Hitachi is buying JR Automation, a Holland, Michigan-based industrial robotics integrator, for $1.425 billion. The acquisition is expected to close by the end of 2019. When the deal closes, Hitachi will acquire all shares in JR Automation held by U.S. private equity fund Crestview Partners.
JR Automation, founded in 1980, designs and builds custom automation equipment and provides services in the automotive, aerospace, medical device, pharmaceutical, food processing and construction industries. JR Automation has about 2,000 employees and had sales of about $600 million in 2018.
Hitachi is looking to tap into JR Automation’s robotics integration expertise and customer base, which will also help Hitachi’s growing internet of things (IoT) business.
“Securing JR Automation’s robotic systems integration business in North America is an important milestone for us,” says Hitachi Executive Vice President Masakazu Aoki. “By providing customers with new value that combines Hitachi’s products, [operational technology], IT, and advanced digital technologies, we will accelerate the global rollout of our Social Innovation Business.”
Hitachi also recently completed the acquisition of KEC Corporation, a Japanese robotic systems integrator.
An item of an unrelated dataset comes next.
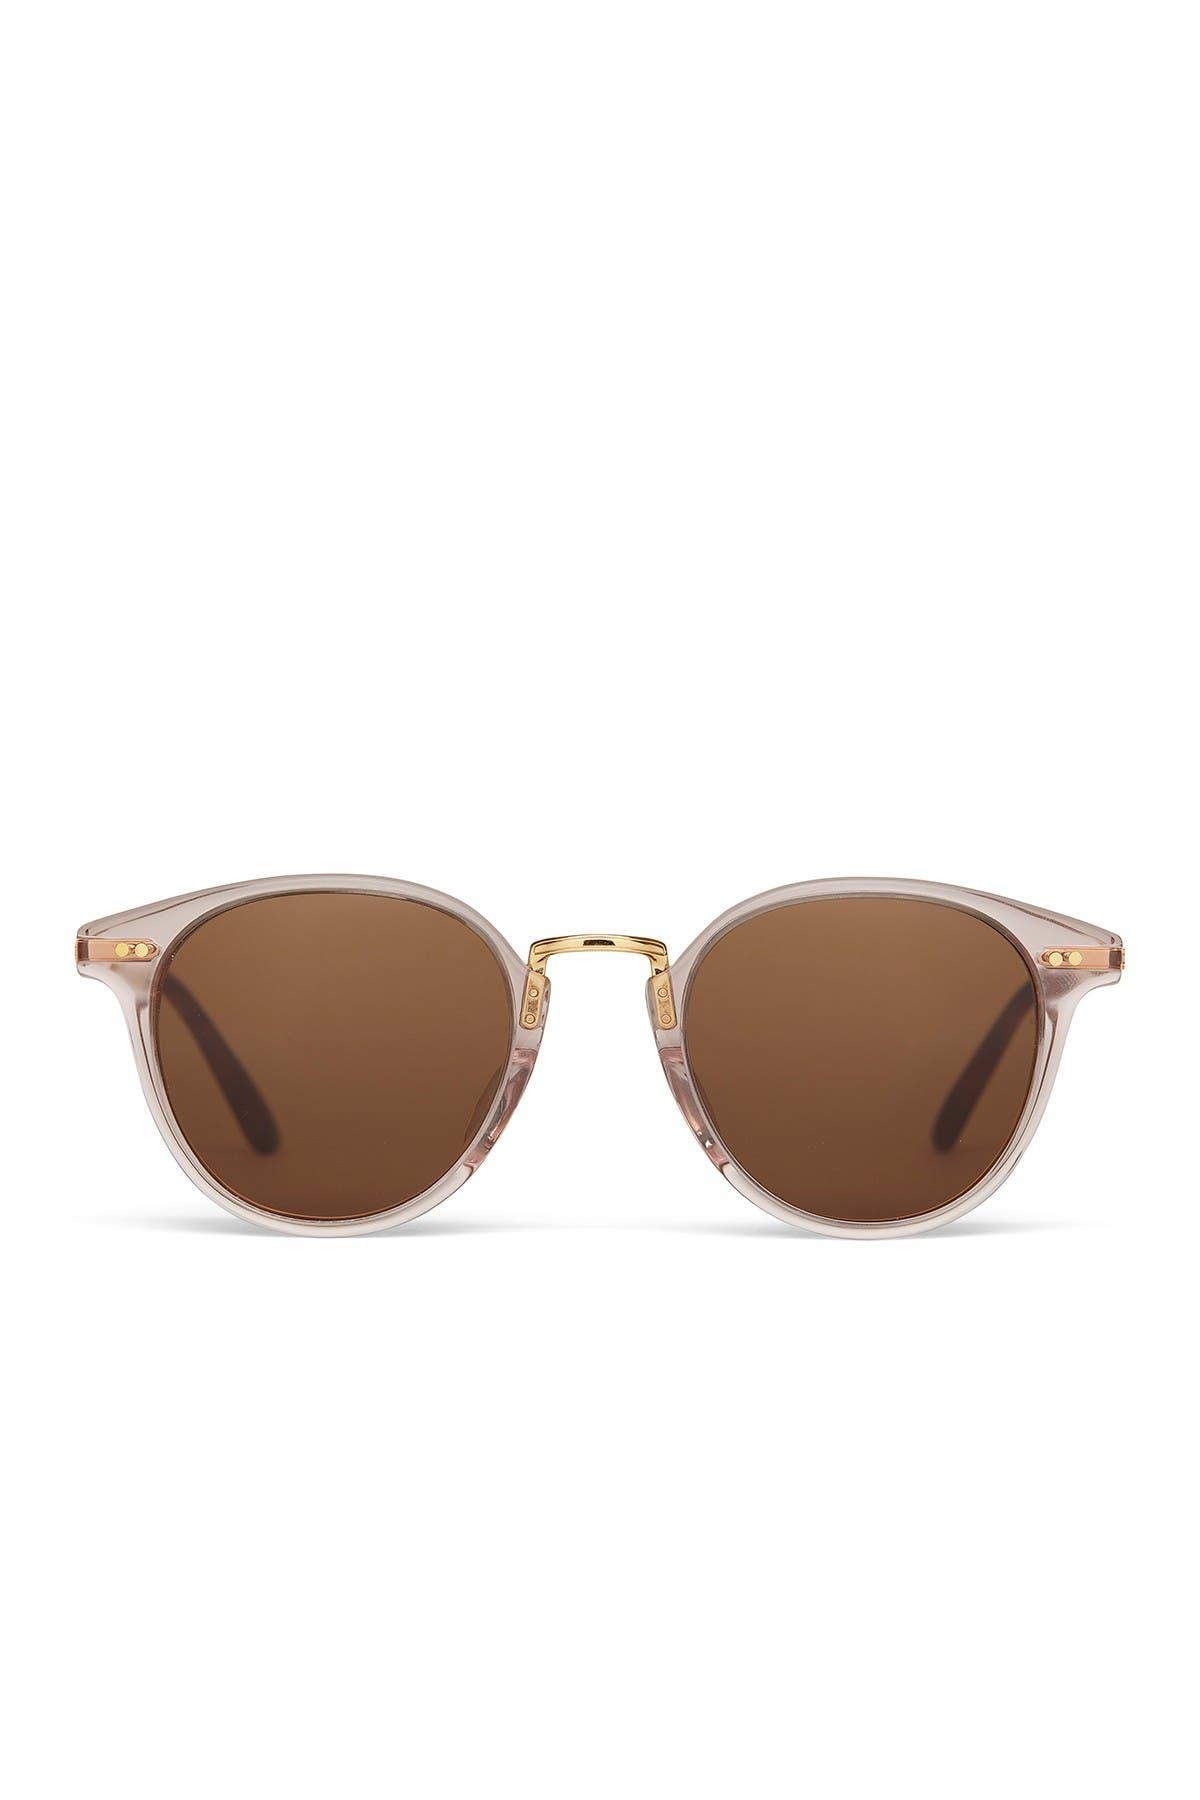 Image of TOMS Bellini 48mm Round Sunglasses
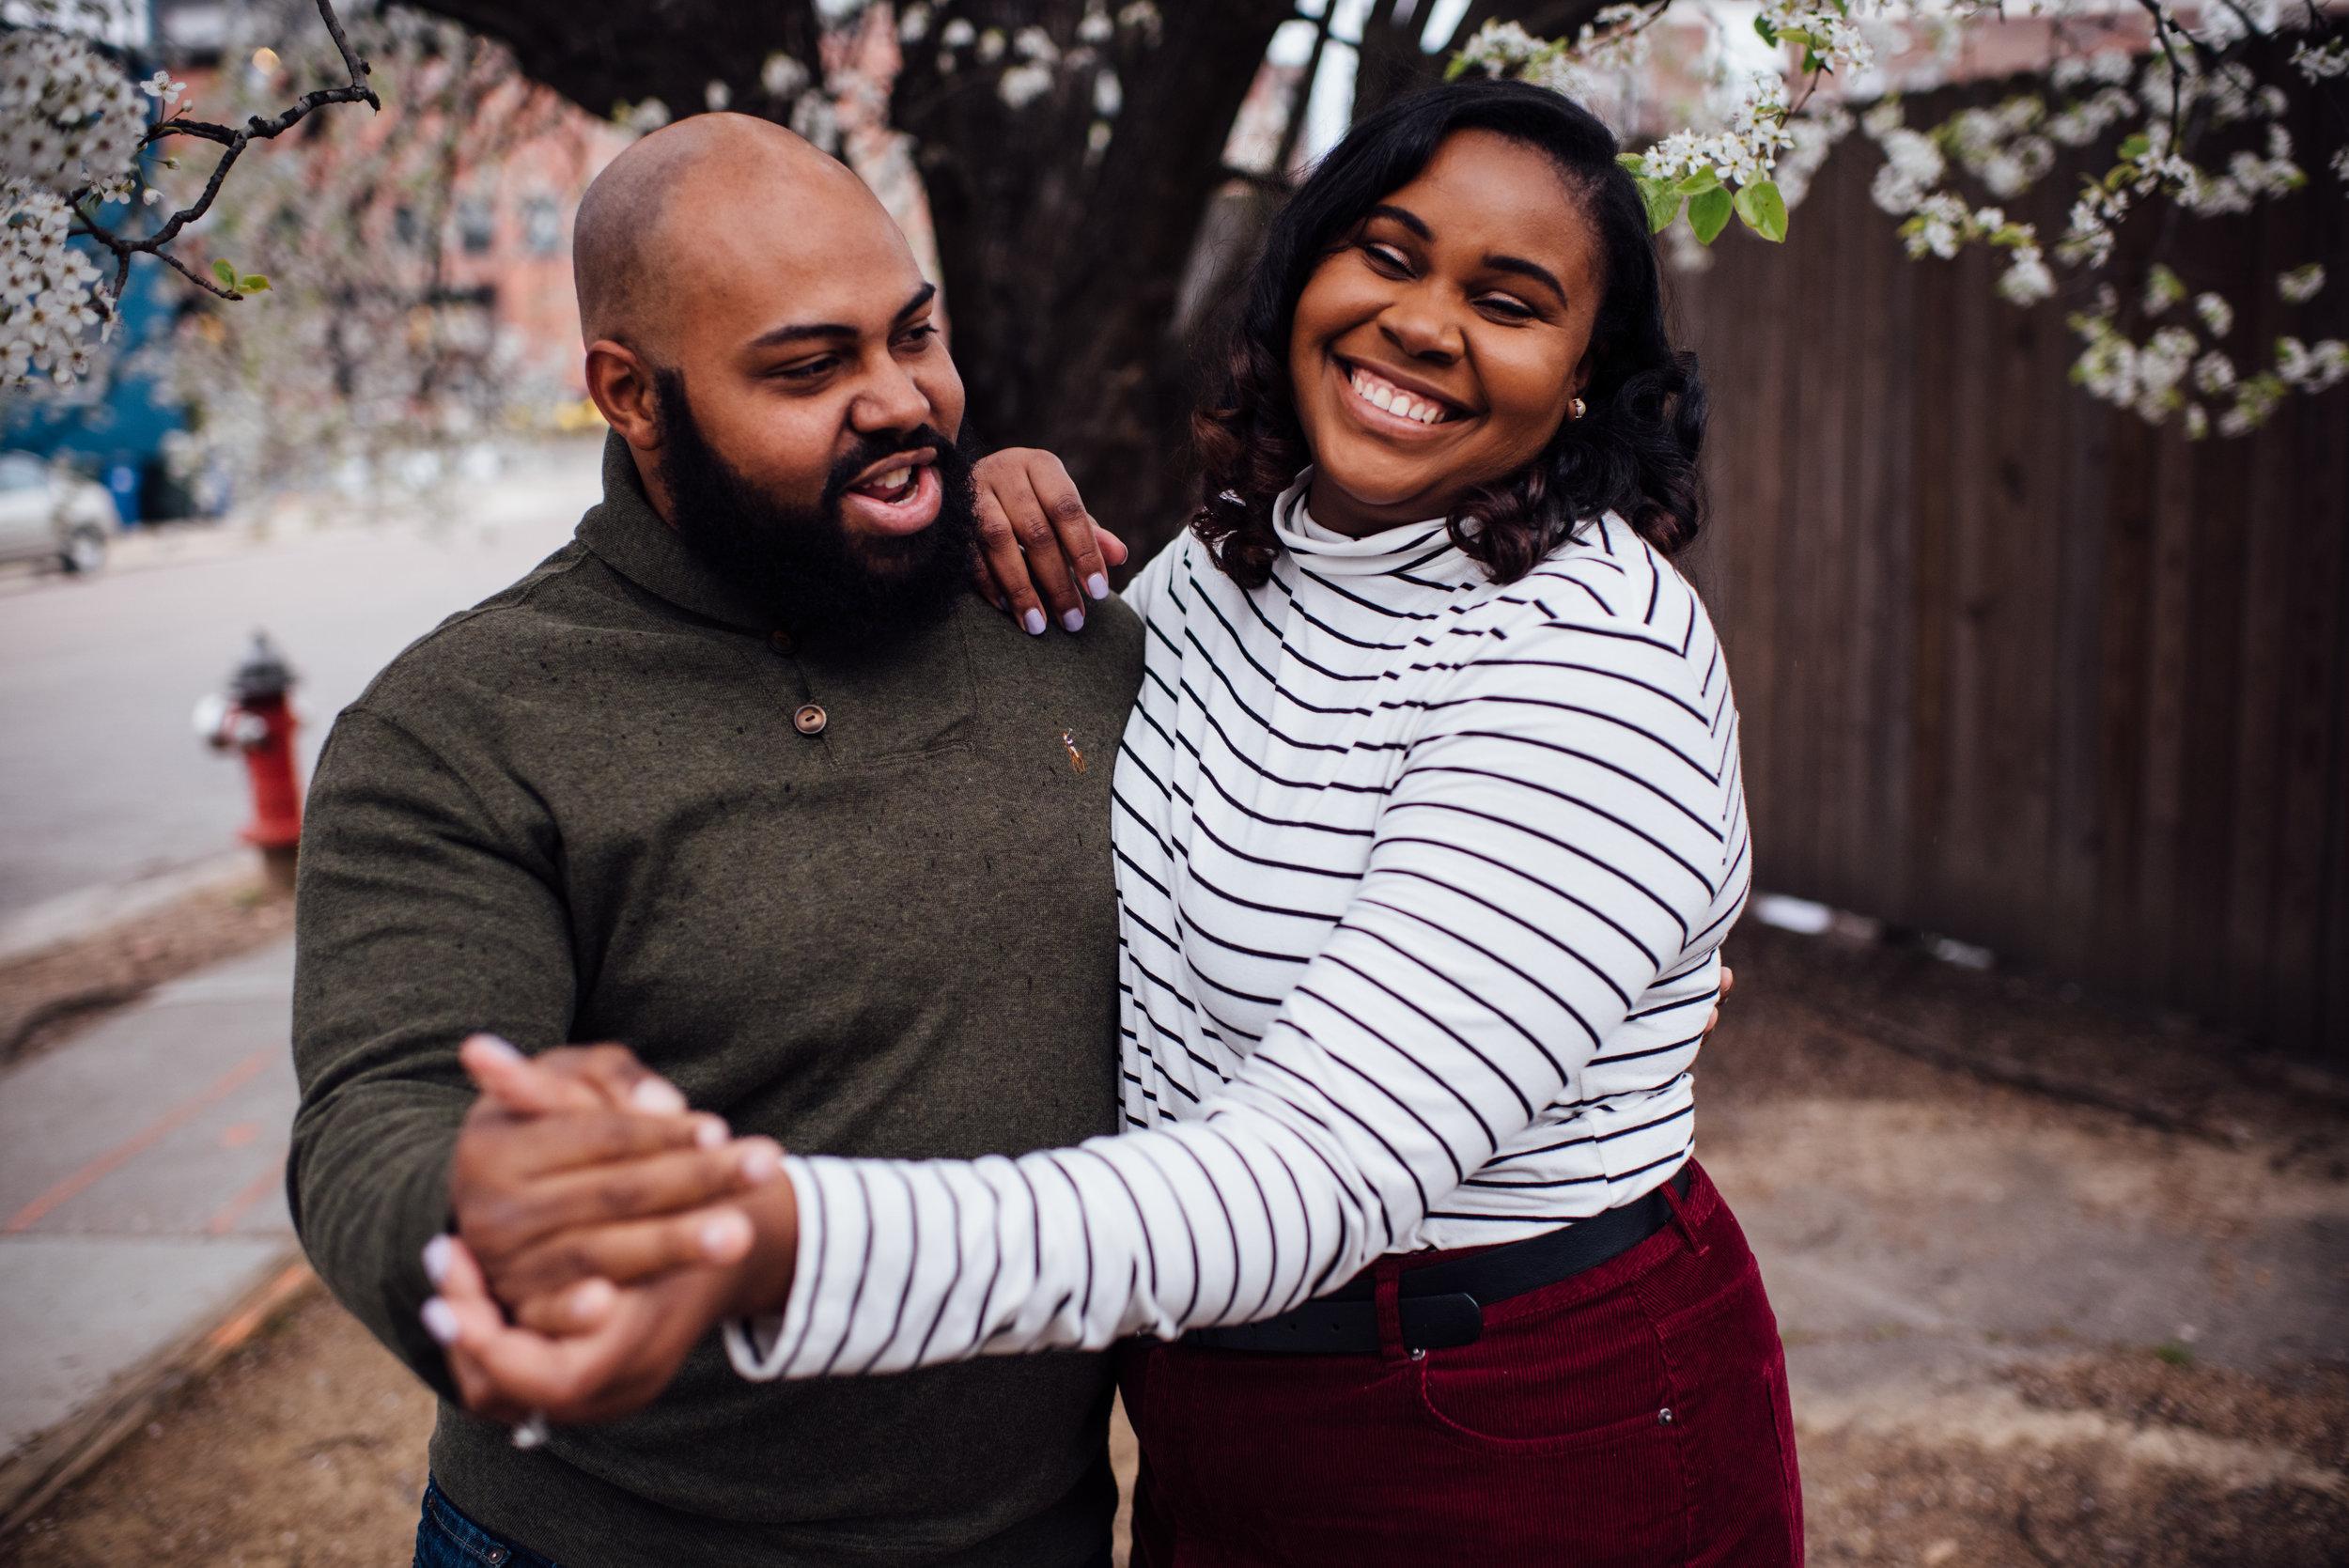 North Carolina Wedding Photographer - Raleigh Wedding Photographer - Downtown Raleigh Engagement - Raleigh Engagement - Durham Wedding Photographer - Boxcar Engagement

The image below illustrates how Hitachi sees its recent acquisitions working together.
Growing Hitachi’s IoT business
Hitachi has an IoT platform called Lumada that helps customers turn their workplace data into insights to drive digital innovation. Hitachi has made a string of IoT-related acquisitions in recent years. For example, in December 2018 Hitachi announced it was acquiring 80.1% of ABB’s Power Grids unit for $11 billion. Hitachi plans to close the purchase in the first half of 2020, making Power Grids a consolidated subsidiary. Hitachi has entered into a purchase option to acquire the remaining 19.9% stake in Power Grids and make the business a wholly-owned subsidiary.
“In the manufacturing and logistics fields, there has been a growing demand for automation because of decreased working age populations, intensifying global competition, and further quality improvement requirements to prevent significant product recalls,” Hitachi points out in its announcement of the JR Automation deal. “As a result, the global robot-based automation market continues to expand, with a high average growth rate exceeding 10% per year.”
JR Automation also recently made some acquisitions. In April 2018, JR Automation acquired Setpoint Systems, a Littleton, Colo.-based integrator of building automation solutions and Setpoint, an Ogden, Utah-based amusement park ride designer. And in June 2018, JR Automation acquired fellow industrial robotics integrator ESYS Automation.
Since JR Automation was acquired by Crestview in 2015, it grew from $170 million in sales and five production facilities in North America to more than $600 million in sales and 23 facilities worldwide.
“We are very excited to partner with Hitachi to take this next step in the company’s evolution,” said Bryan Jones, CEO, JR Automation. “With our combined capabilities, Hitachi and JR Automation will be a uniquely qualified global leader in next generation smart manufacturing, and this partnership will enable us to continue to drive tangible value creation for our customers through innovative custom solutions.”